CreatePipeline MCP Tool

  • Pipeline Creation via MCP: New CreatePipeline tool closes the last CLI/MCP feature parity gap
  • 2–20 Steps: Sequential task pipelines with per-step delays, priority, and working directory overrides
  • Shared Service: Both MCP and CLI use ScheduleManagerService.createPipeline() — identical behavior

🆕 What's New in v0.4.0

Task Scheduling

  • Cron & One-Time Schedules: Standard 5-field cron expressions and ISO 8601 one-time scheduling
  • Timezone Support: IANA timezone identifiers with DST awareness
  • Missed Run Policies: skip, catchup, or fail for overdue triggers
  • Lifecycle Management: Pause, resume, cancel schedules with full execution history
  • Concurrent Execution Prevention: Lock-based protection against overlapping runs
  • 6 MCP Tools: ScheduleTask, ListSchedules, ScheduleStatus, CancelSchedule, PauseSchedule, ResumeSchedule
  • CLI + Pipeline: Full CLI parity including beat pipeline command for chained one-time schedules

Task Resumption

  • Auto-Checkpoints: Captured on task completion/failure with git state and output summary
  • Enriched Prompts: Resumed tasks receive full context from previous attempt
  • Retry Chains: Track resume lineage via parentTaskId and retryOf fields
  • MCP Tool: ResumeTask with optional additional context
  • CLI: beat resume <task-id> [--context "..."]

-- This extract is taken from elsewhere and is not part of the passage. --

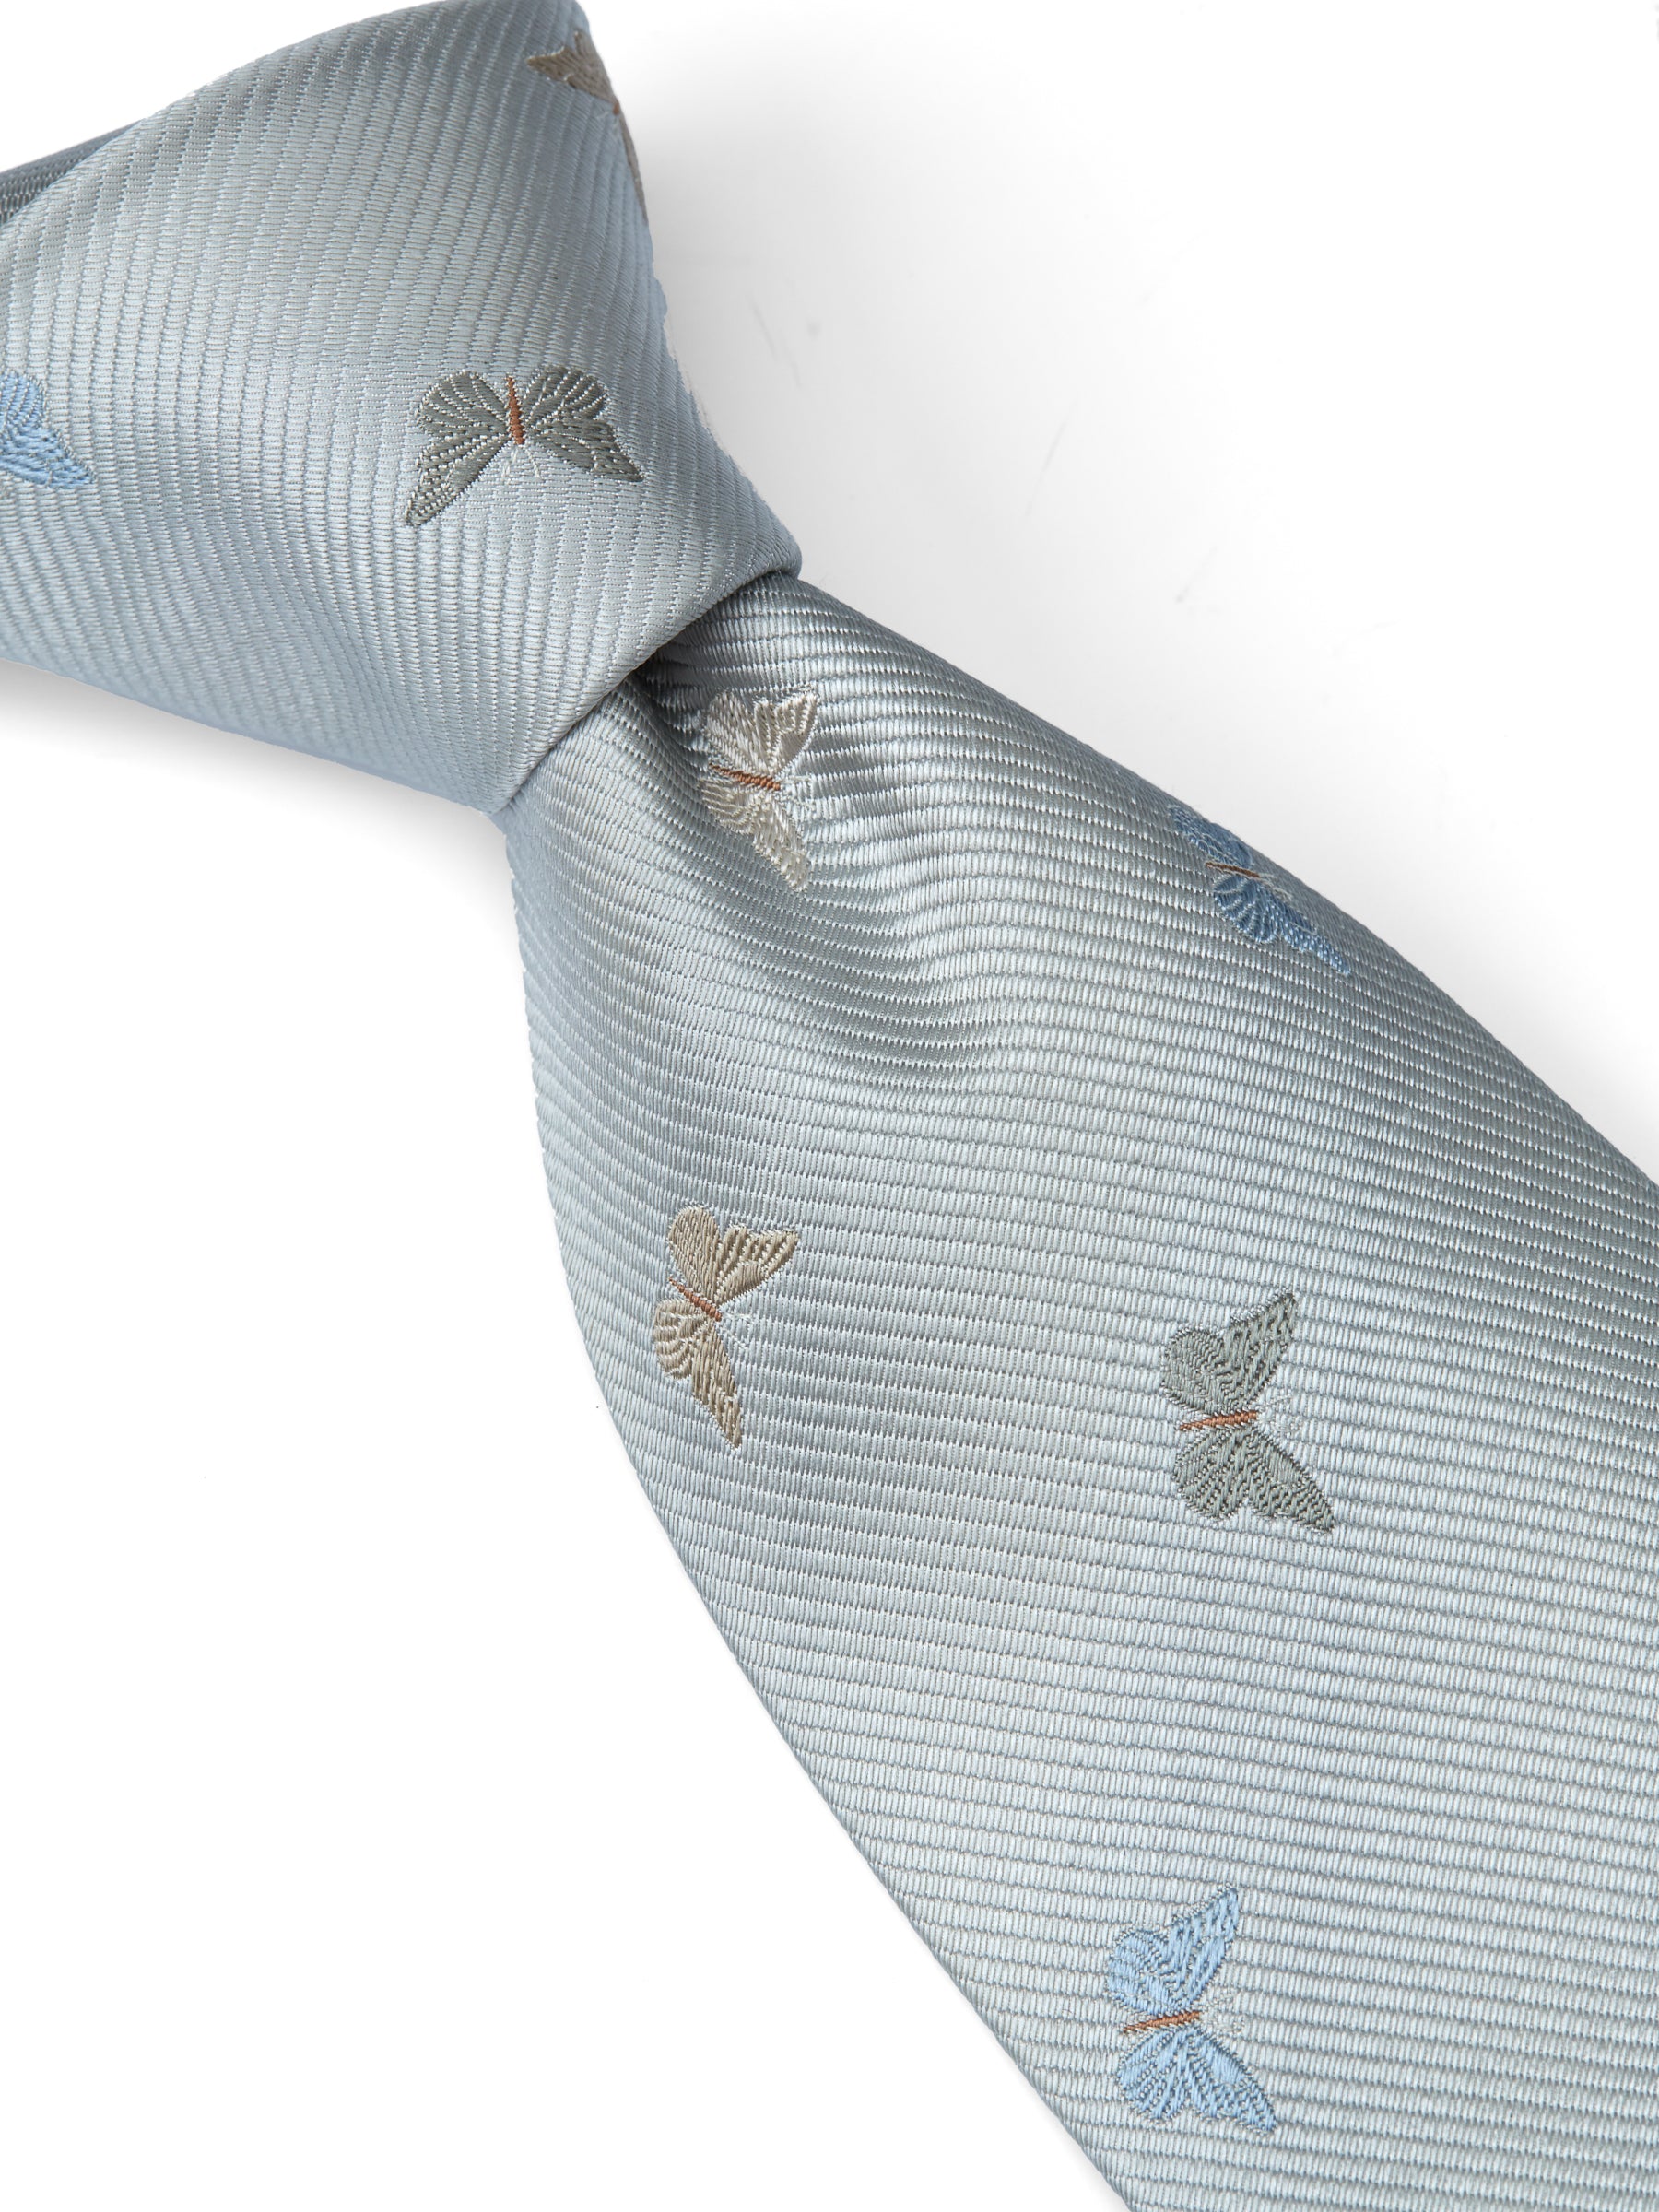 Grey Butterfly Silk Tie
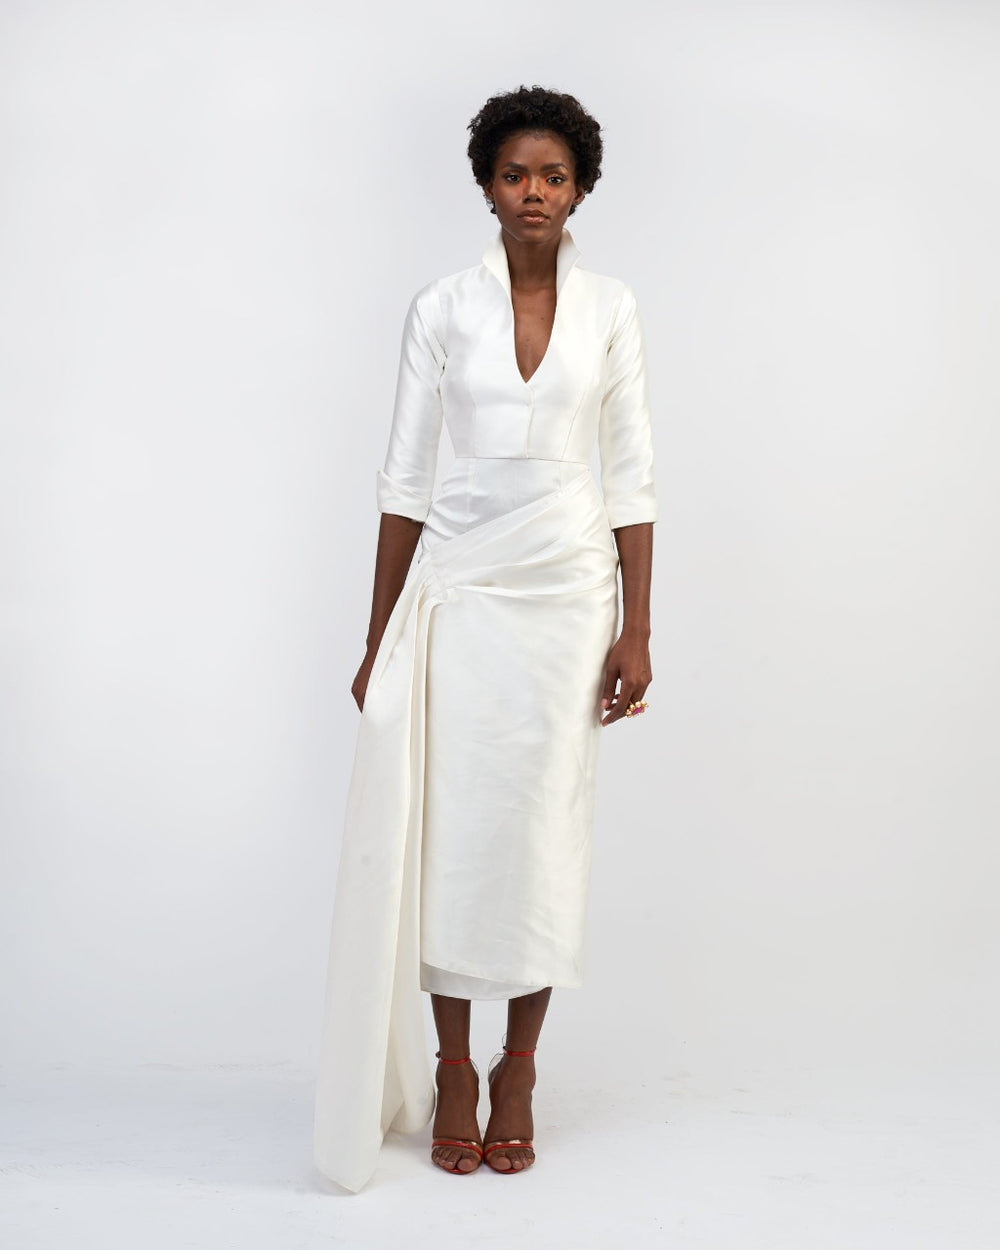 A model wearing a white silk satin dress

Session Continuation (continueFrom)

  • Dependency Context Injection: Dependent tasks receive checkpoint context from a specified dependency
  • continueFrom Field: Added to DelegateTask MCP tool and beat run --continue-from CLI flag
  • Automatic Enrichment: Output summary, git state, and errors prepended to task prompt
  • Race-Safe Design: Subscribe-first pattern ensures checkpoint availability before task execution
  • Chain Support: Context flows through A→B→C dependency chains

Infrastructure

  • Schedule Service Extraction: ~375 lines of business logic extracted from MCP adapter for CLI reuse
  • CLI Bootstrap Helper: withServices() eliminates repeated bootstrap boilerplate
  • Database Migrations v3-v6: schedules, schedule_executions, task_checkpoints tables, continue_from column
  • FK Cascade Fix: Separated save() from update() to prevent cascade data loss

🆕 What's New in v0.2.1

Event-Driven Architecture

  • Complete Rewrite: Moved from direct method calls to event-based coordination
  • EventBus: Central coordination hub for all system communication
  • Event Handlers: Specialized handlers for different concerns (persistence, queue, workers, output)
  • Zero Direct State: TaskManager is stateless, handlers manage all state via events

Direct CLI Commands

  • Task Management: Direct CLI interface without MCP connection required
  • Real-time Testing: Instant task delegation and status checking
  • Better DX: No need to reconnect MCP server for testing

Process Handling Improvements

  • Fixed Output Capture: Resolved Claude CLI hanging issues
  • Proper stdin: Uses stdio: ['ignore', 'pipe', 'pipe'] instead of hack
  • Robust Spawning: Eliminated stdin injection workarounds

Note: This document reflects the actual implemented features. For planned features, see ROADMAP.md.